**SOURCE MATERIAL:**

---------------

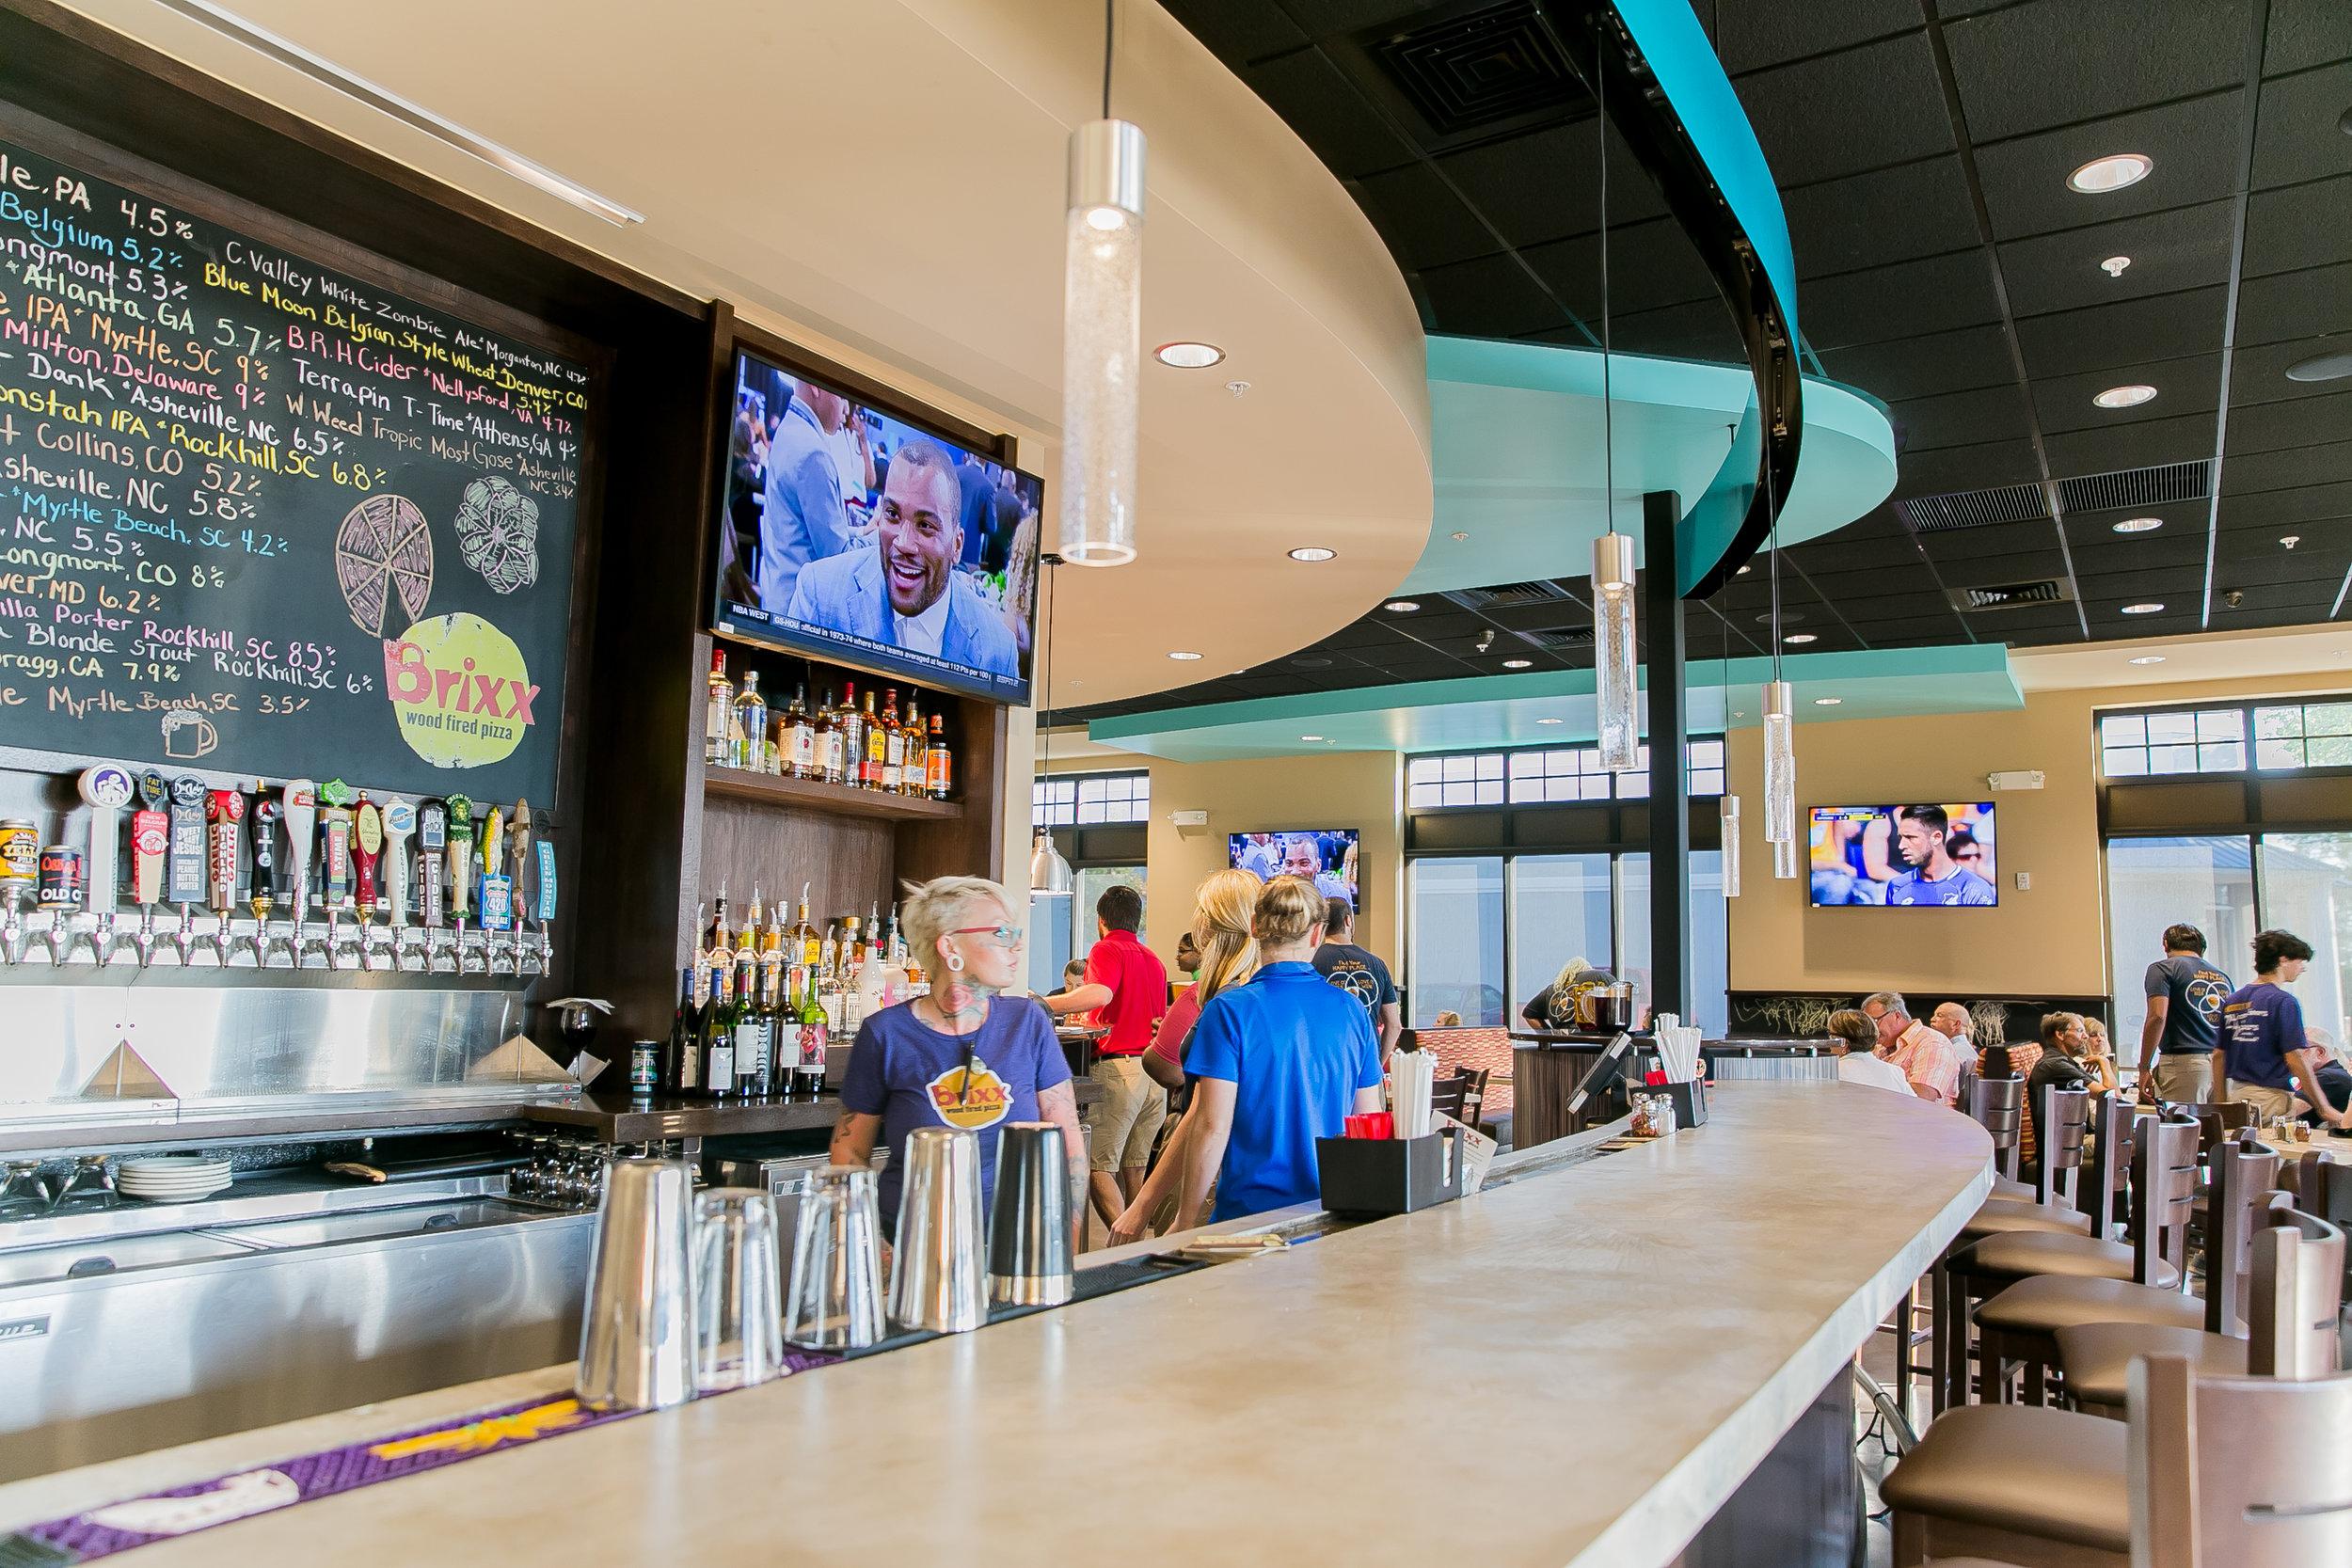 ADW-Restaurant-Brixx-Myrtle-Beach-NC-Bar.jpg
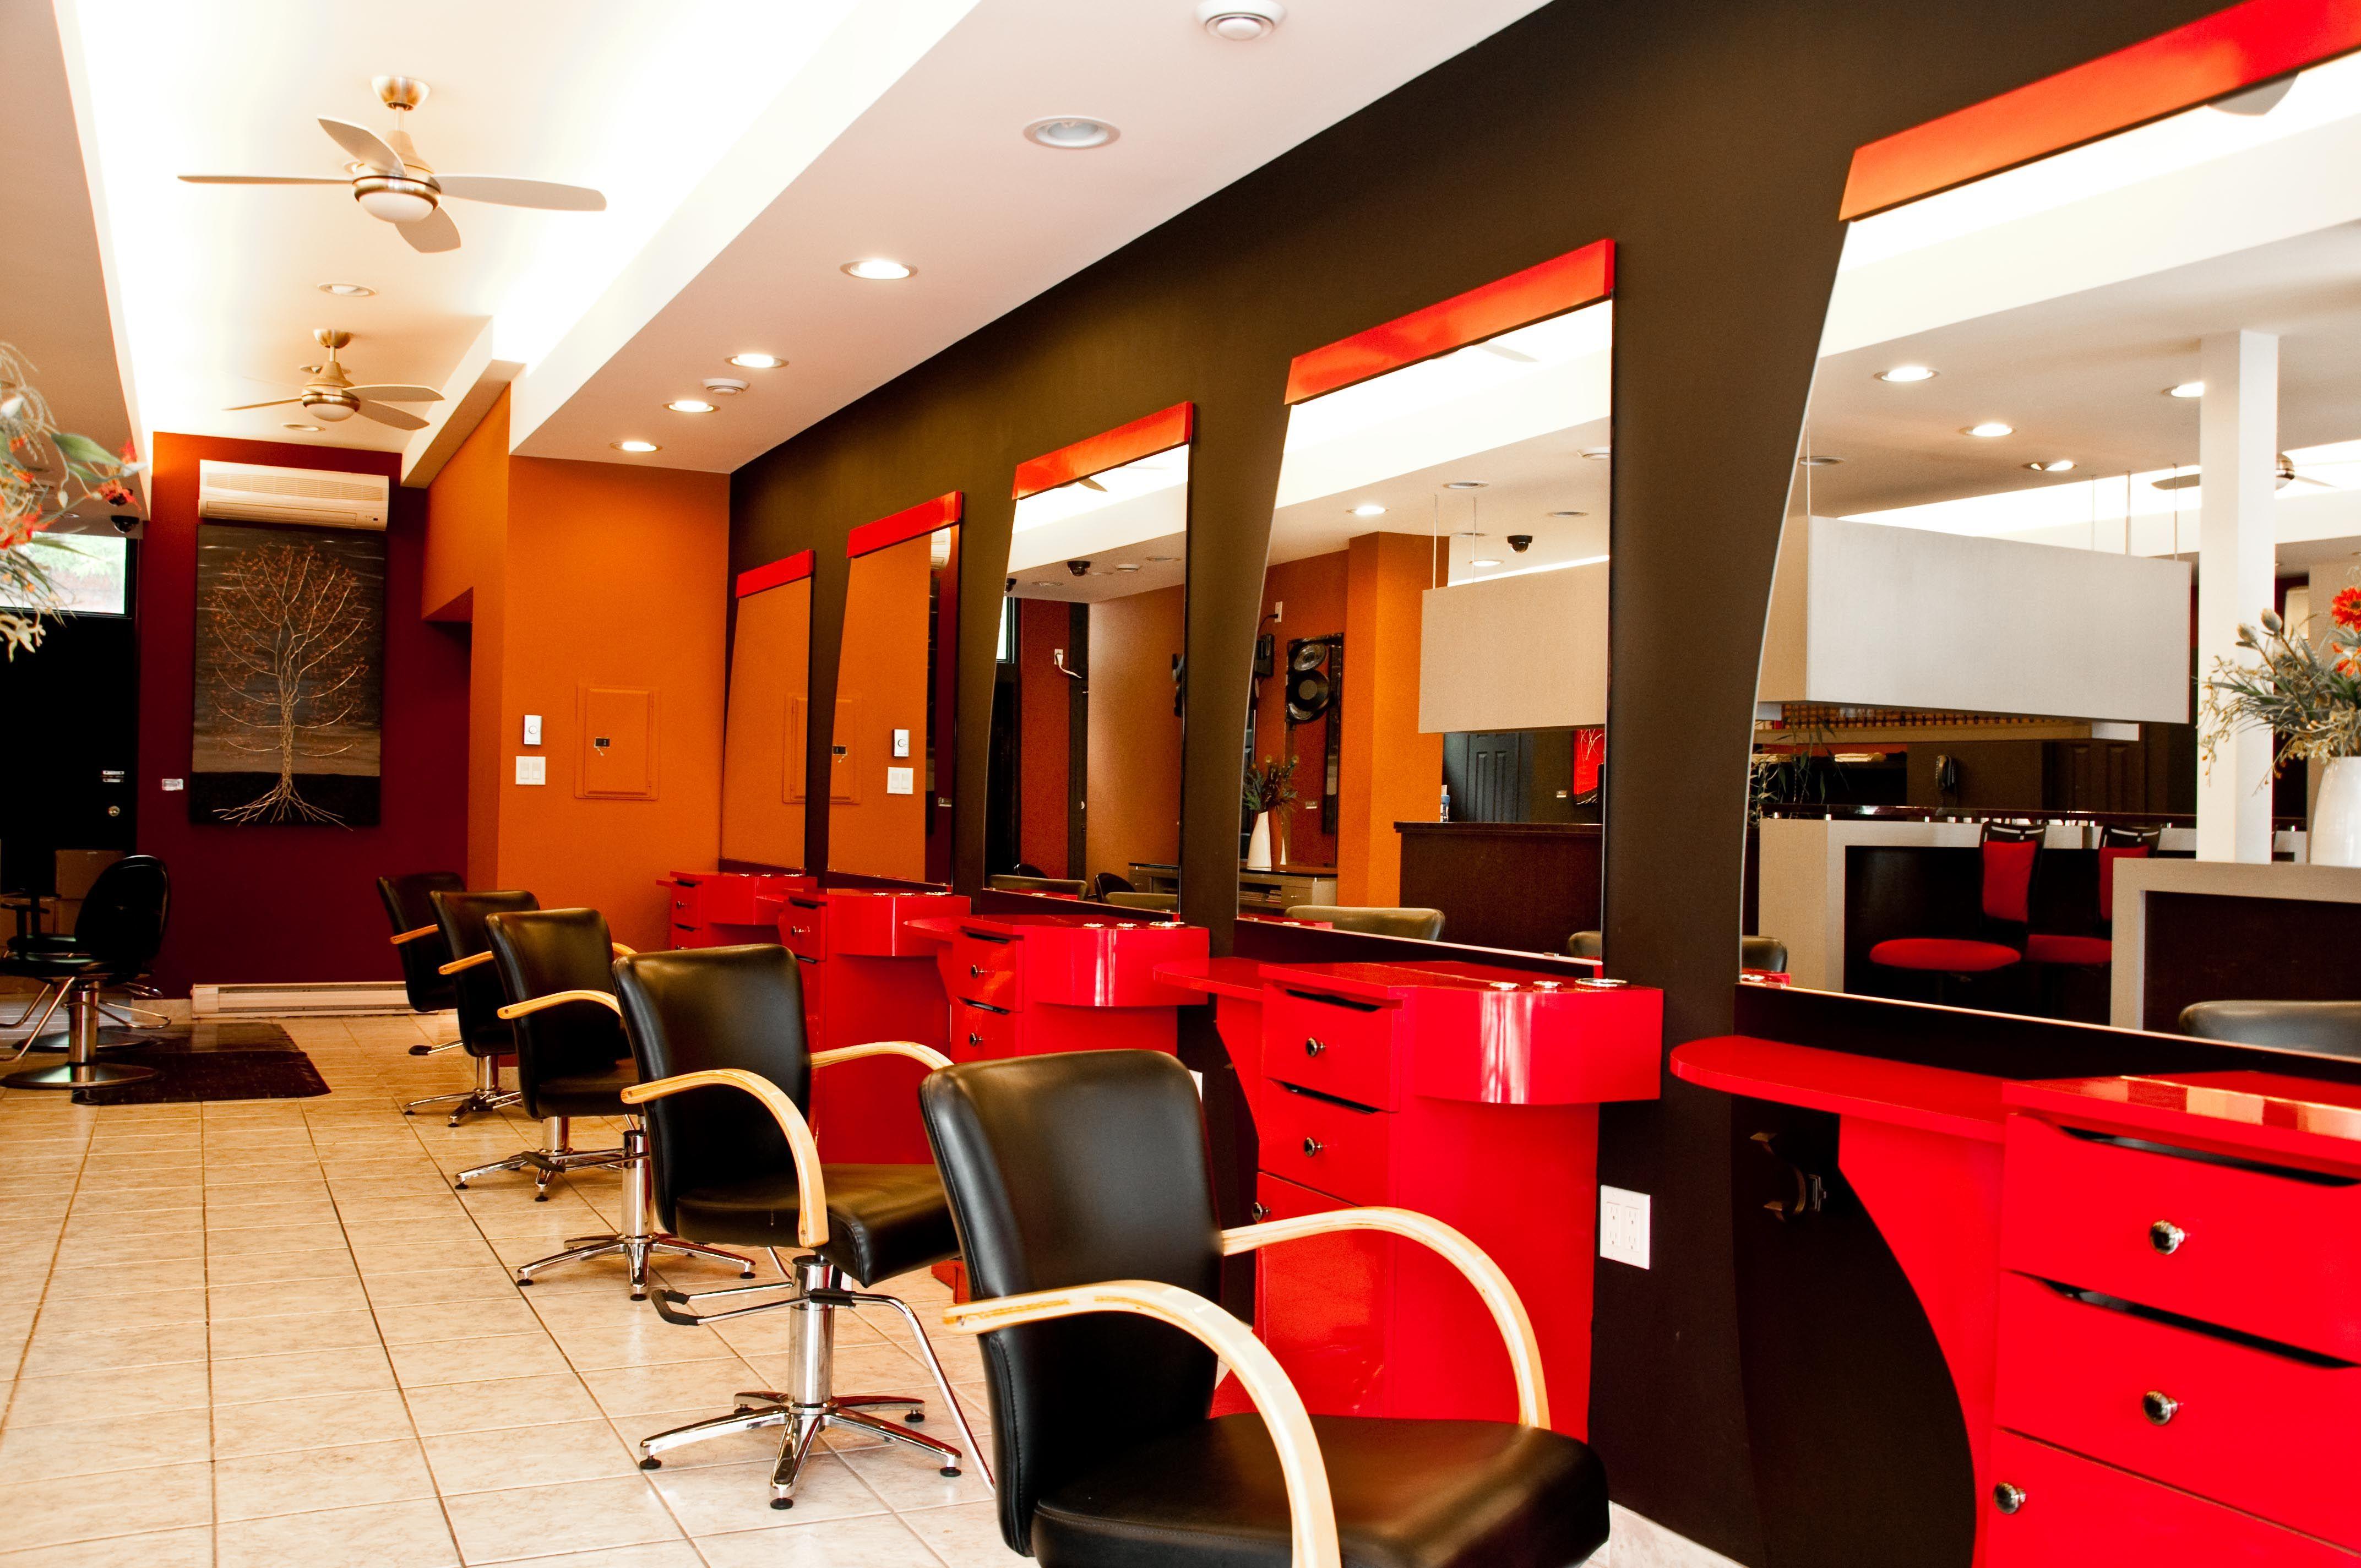 San Francisco Hair Salon Salon Interior Design Salon Interior Hair Salon Interior
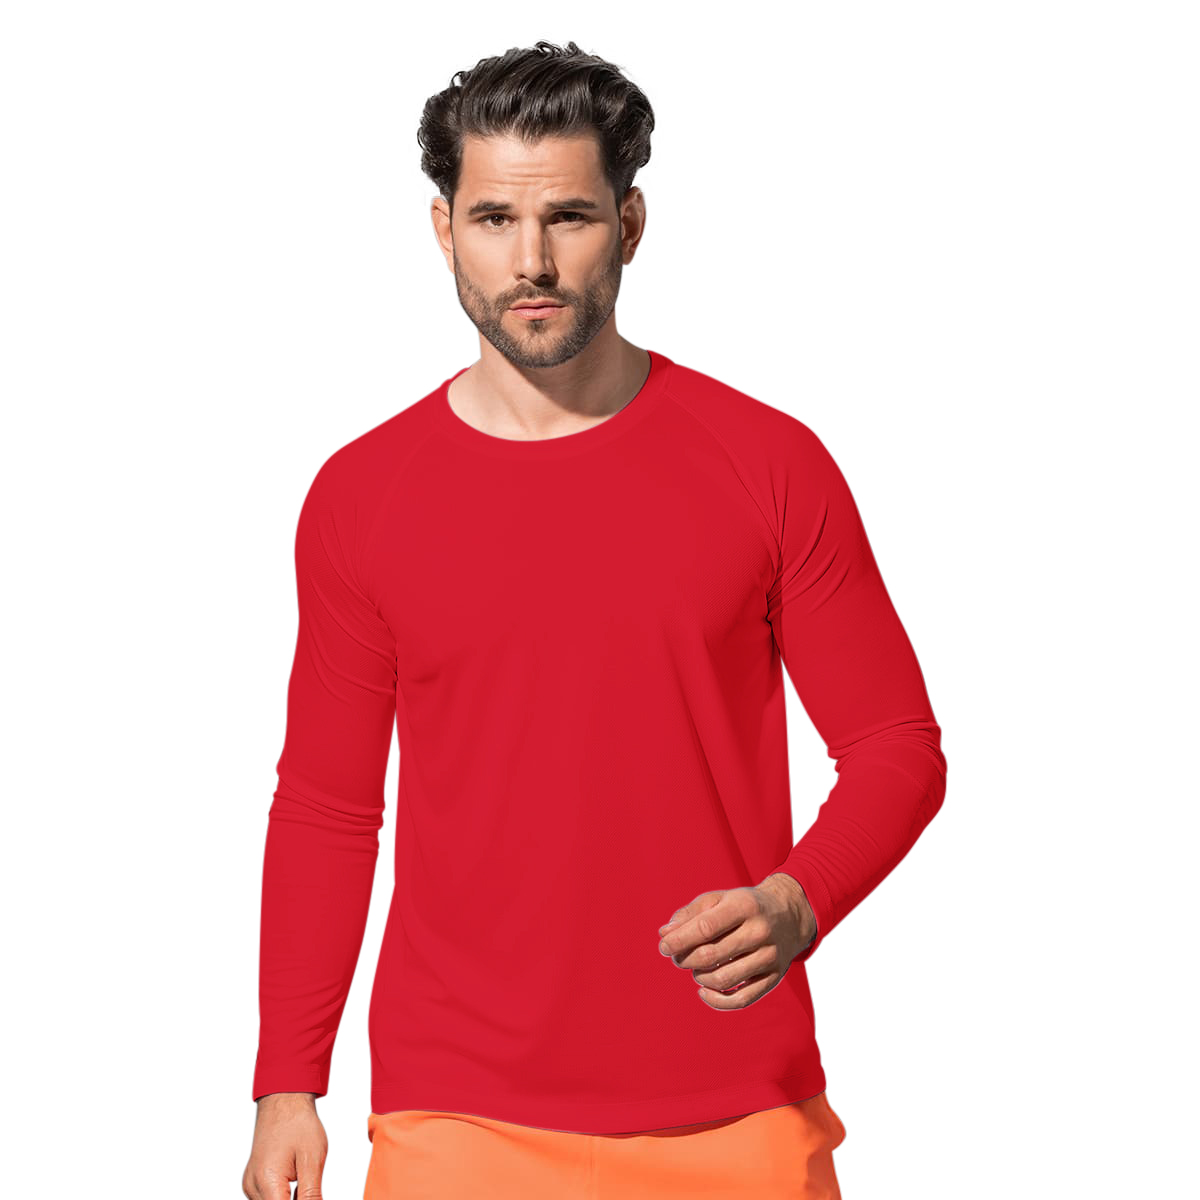 Stedman-Mens-Active-140-Long-Sleeved-Tee-AB344

---------------

**TASK OBJECTIVE:**
Give back all of the material exactly, though without the images it contains.

**THE COMPLETED TASK:**
 ADW-Restaurant-Brixx-Myrtle-Beach-NC-Bar.jpg
 San Francisco Hair Salon Salon Interior Design Salon Interior Hair Salon Interior
 Stedman-Mens-Active-140-Long-Sleeved-Tee-AB344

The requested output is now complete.